У нас власть боится своих граждан. Что это за странный страх? Идет подковерная борьба. Я думаю, рано или поздно она выйдет наружу. Сверхтерпение нашего народа, помноженное на безразличие власти, чревато страшными вспышками протеста. И тогда может начаться беспредел. Вот этого нельзя допустить. Есть уже опыт, есть правильные наработки, просто власти надо перестать бояться своих людей.

С В чем это безразличие власти проявляется?
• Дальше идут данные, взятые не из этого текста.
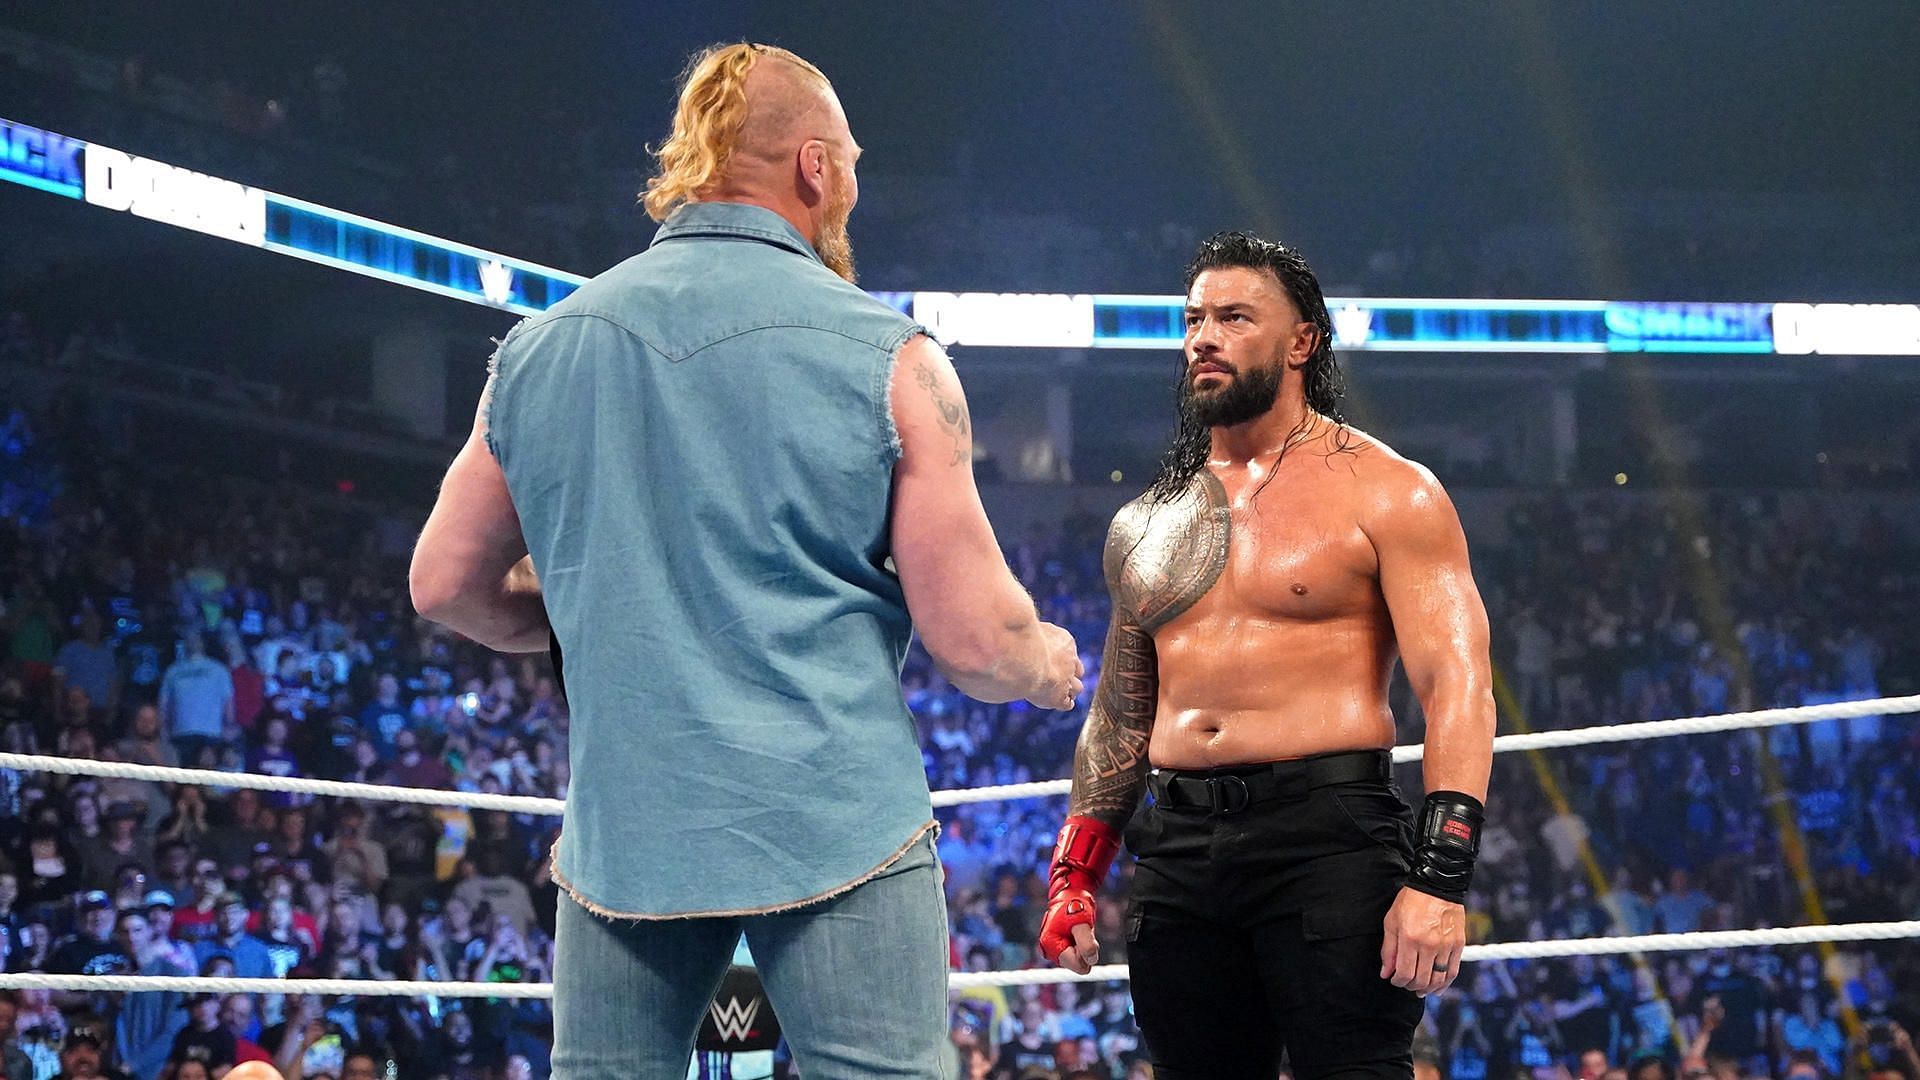 A familiar foe visited Roman Reigns on WWE SmackDown

М.Г.: Я помню, когда Гагарин слетал в космос, к нам приехала из Америки делегация во главе с тогдашним их министром образования. Они увидели, насколько серьезно у нас это все было поставлено, как много средств на образование выделялось. И это был сигнал американцам, что в этой сфере они отстают. А сейчас посмотрите, какое количество ученых из России занимает ведущее положение в американских университетах, как пре­успели они в академической науке, сколько замечательных разработок было внедрено в американскую экономику. А что мы? Только все сокращаем и сокращаем расходы на науку, на образование, на медицину. С чем останемся в итоге? И мы на нашем форуме (форум «Гражданский диалог», в этом году проводится впервые, создан М. С. Горбачевым. – Прим. ред.) будем об этом говорить.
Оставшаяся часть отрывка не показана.